• [WHAT NEEDS TO BE DONE]
Below is a listing with pictures in it; transcribe exactly the lines from the one that has "Waterfall of Bignasco Stock Photo" through the one that has "Menengok Masjid Al-Hikmah", and omit those pictures.

Segment Start: INPUT

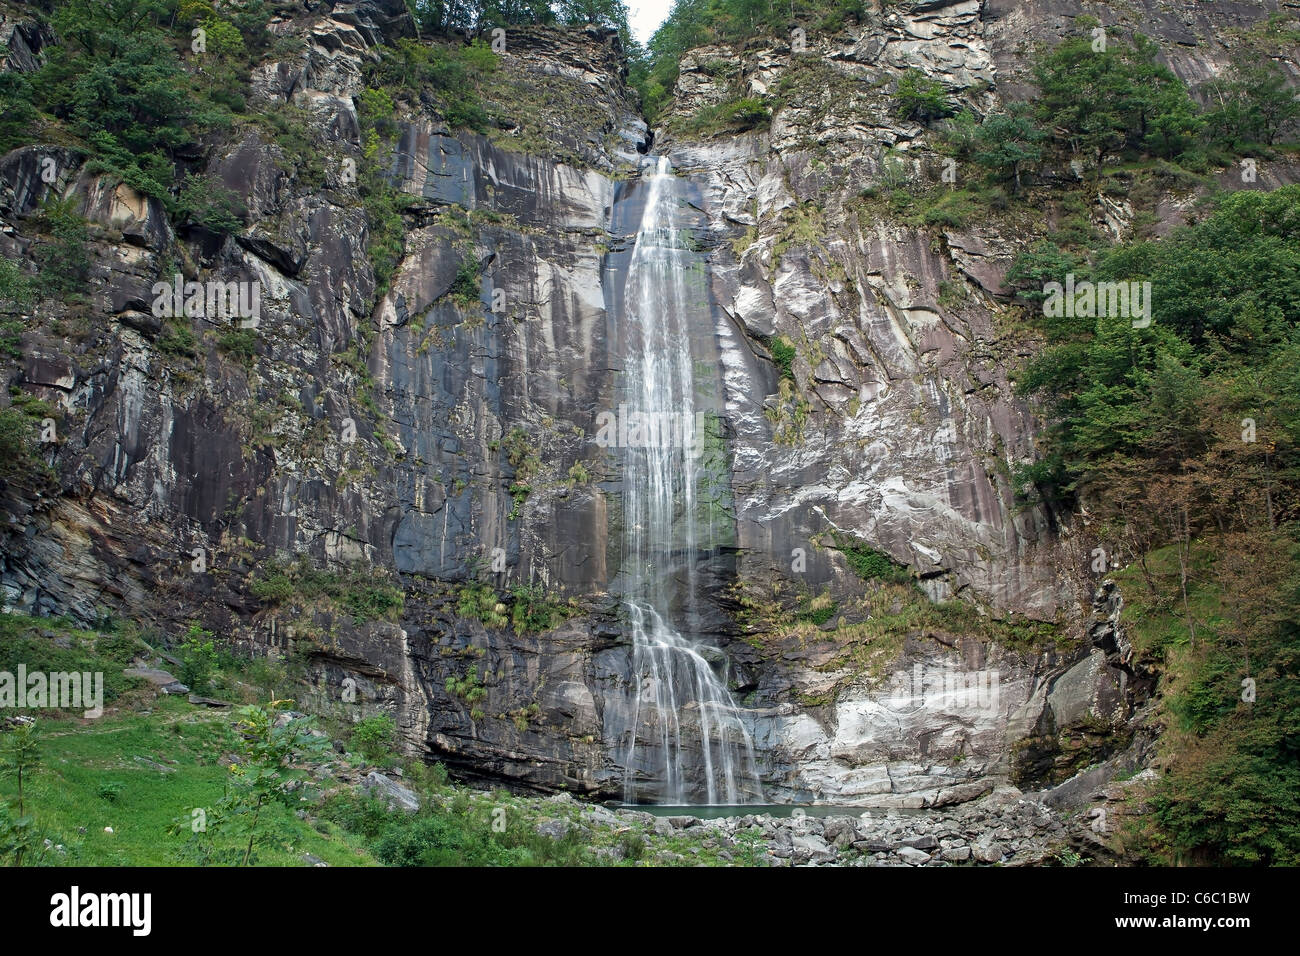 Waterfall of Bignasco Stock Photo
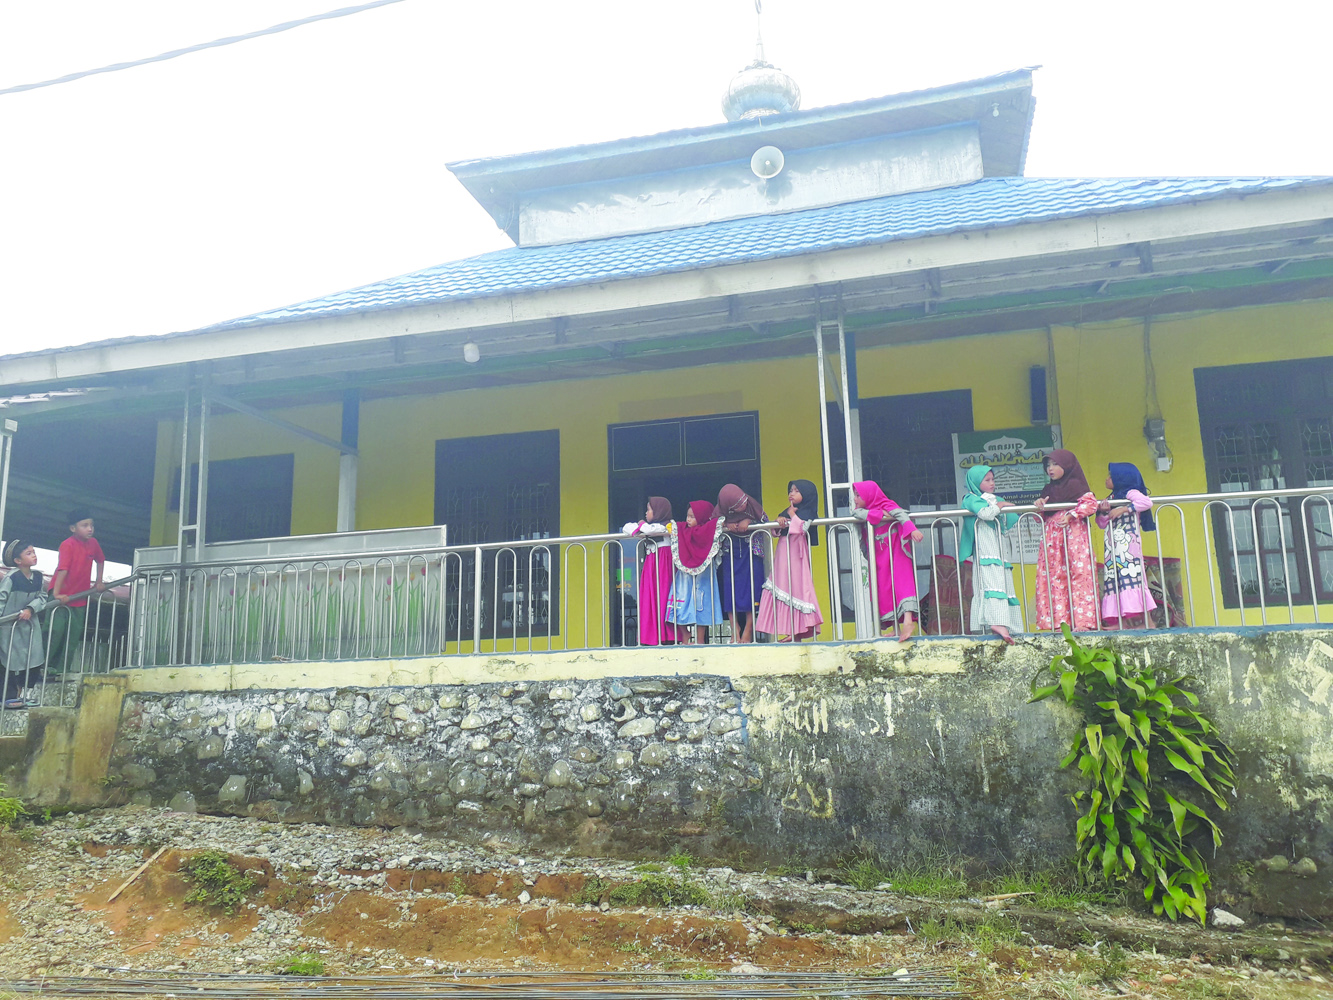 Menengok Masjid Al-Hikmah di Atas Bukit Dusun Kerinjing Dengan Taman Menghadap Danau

Segment End: INPUT
Segment Start: INPUT

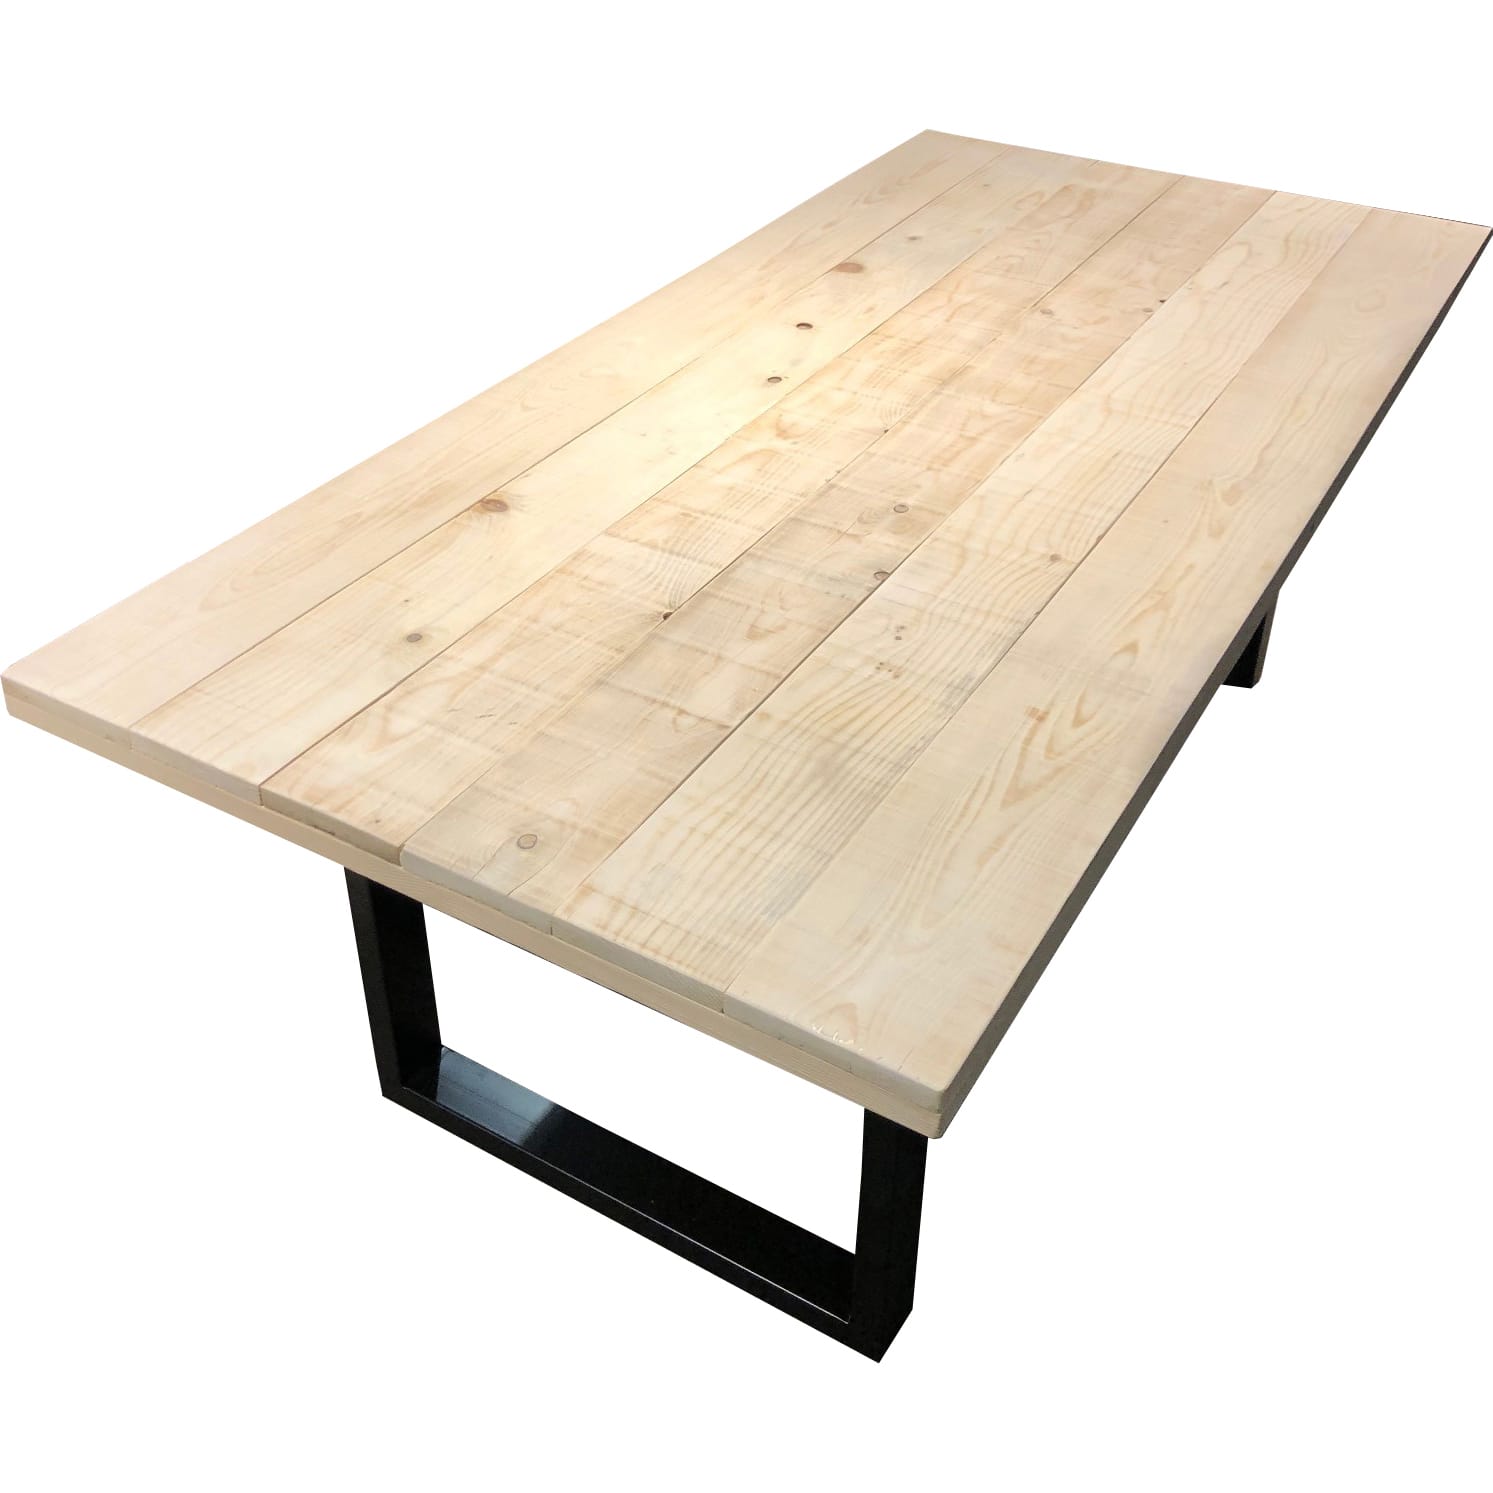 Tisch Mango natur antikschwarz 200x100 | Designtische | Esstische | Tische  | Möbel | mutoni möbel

Segment End: INPUT

• [ANSWER FOR THIS EXERCISE]
 Waterfall of Bignasco Stock Photo
 Menengok Masjid Al-Hikmah di Atas Bukit Dusun Kerinjing Dengan Taman Menghadap Danau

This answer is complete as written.